The electronic medical record server 4 further includes a timer 412, an input interface 413, a RAM 414, a hard disk 415, a media drive 416, a communication interface 417, and an output interface 418. Each component in the electronic medical record server 4 is connected to each other by a bus.

The timer 412 has a clock function. The CPU 411 synchronizes the clocked time of the timer 412 with the clocked time of the clock server by communicating with an external clock server via the communication interface 417 at a given timing (for example, when the electronic medical record server 4 is started). be able to.

The input interface 413 is connected to the keyboard 241 and the mouse 222. The CPU 411 receives inputs from the keyboard 241 and the mouse 222 via the input interface 413. The media drive 416 is equipped with a recording medium. The CPU 411 reads data from a recording medium (CD-ROM, USB memory, memory card, etc.) 419 via the media drive 416, and writes the data to the recording medium.

The hard disk 415 stores the program and various data necessary for executing the program.

[6. Order information]
In the management system 1000, the order information database is stored in the hard disk 415. The order information database stores order information that defines infusion therapy for each patient. In one implementation example, the doctor generates a plan for infusion treatment of each patient, generates order information according to the plan, and registers the order information in the electronic medical record server 4. In the electronic medical record server 4, the registered order information is stored in the hard disk 415.

In one implementation example, the order information includes the following five types of information.
・ Order ID
・ Patient ID
・ Drug ID
-Scheduled flow velocity-Scheduled total flow rate The order ID specifies order information. The patient ID identifies the target patient in the order information. The drug ID may specify the drug to be used according to the order information, specify the name of the drug, specify the drug solution pack filled with the drug, or specify both of them. .. In one embodiment, the doctor identifies the name of the drug as the drug ID, the staff prepares the drug solution pack based on the drug ID (and the planned total flow rate), and the drug ID is further added to the drug solution pack. May also be modified to associate. That is, the drug ID may specify both the name of the drug and the drug solution pack. The planned flow velocity specifies the flow velocity in the infusion solution according to the order information. The planned total flow rate specifies the total amount of drug dropped in the infusion according to the order information.

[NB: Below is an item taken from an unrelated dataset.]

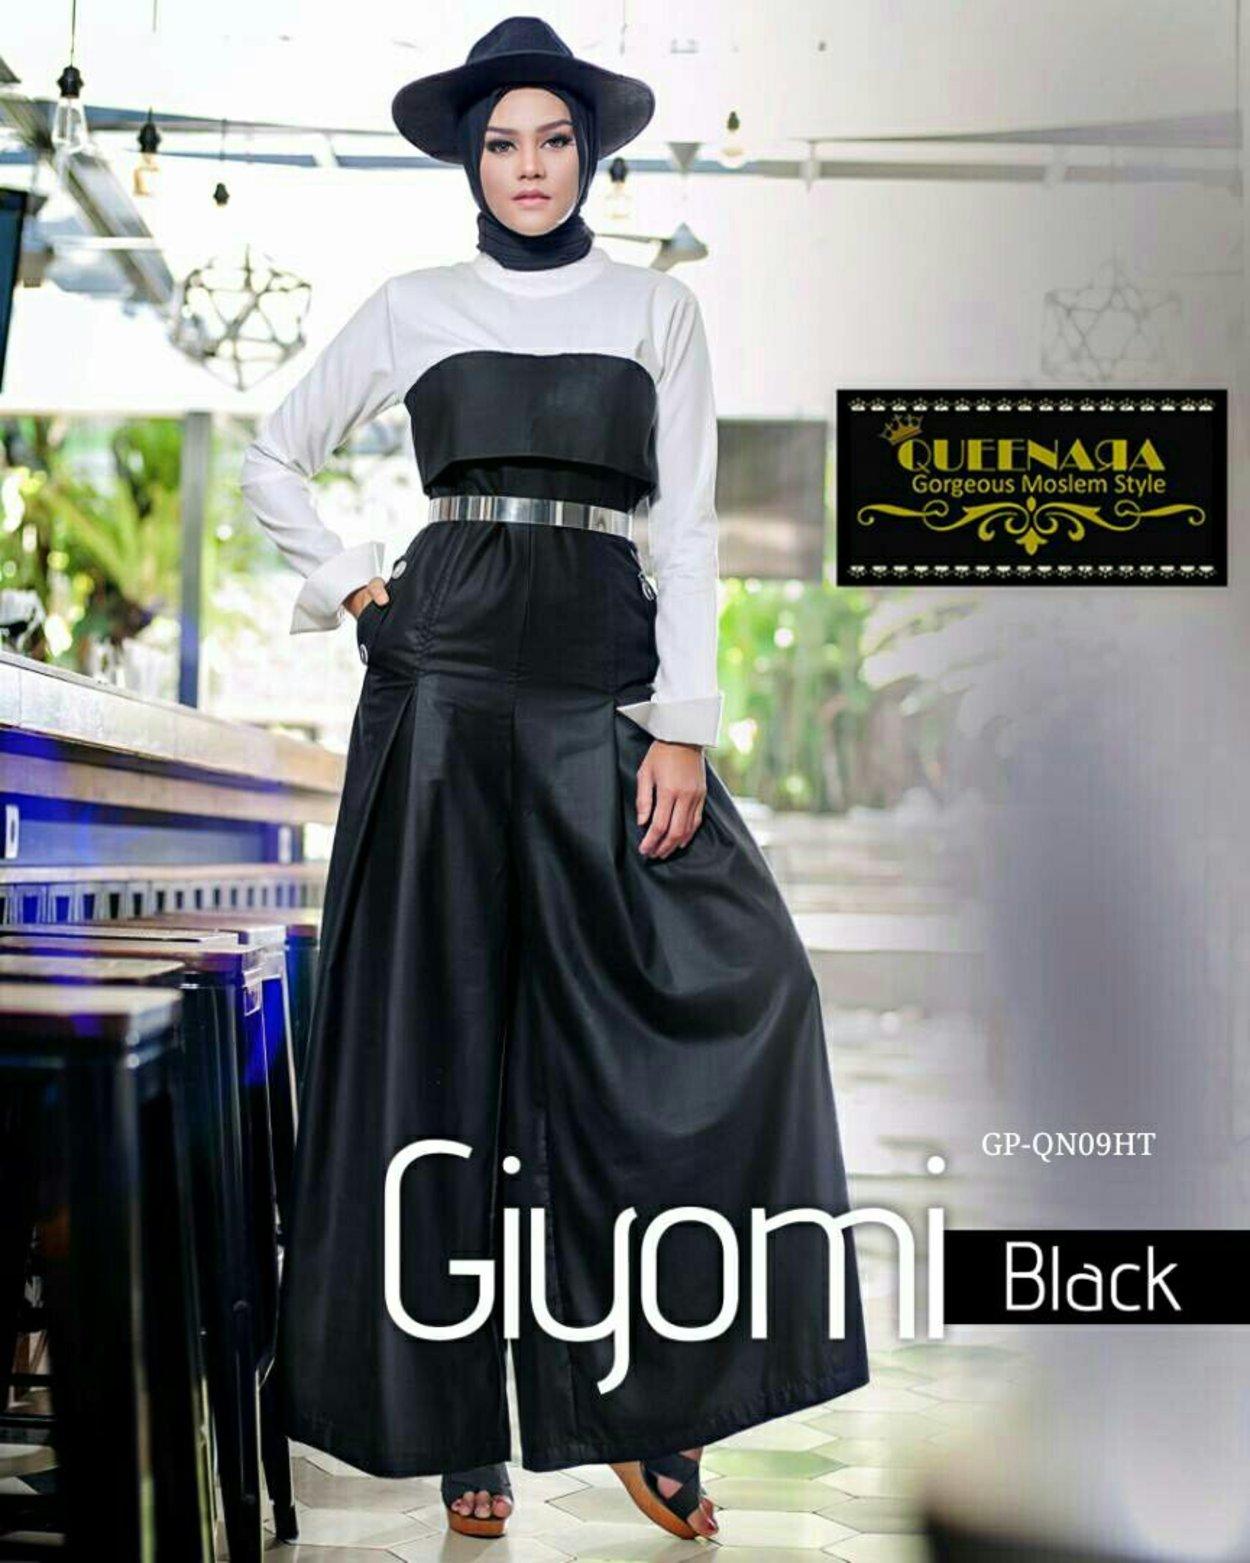 Giyomi hitam

[7. Status information output from the infusion pump 1]
In the management system 1000, the infusion pump 1 transmits state information to the management server 2 in response to a request from the management server 2 or at a given timing. In one implementation example, the state information includes the following six types of information.

-Time information-Operating state-Flow velocity-Integrated amount-Alarm state-Power supply information The time information represents the time measured by the timer 103.

The operating state represents the operating state of the infusion pump 1. In one embodiment, the infusion pump 1 transmits 8-bit data as an operating state. Of the 8-bit data, the upper 4 bits represent the operating state of the pump, and the lower 4 bits represent the key lock state of the pump. The operating state of the pump represents, for example, one of the following six types of states.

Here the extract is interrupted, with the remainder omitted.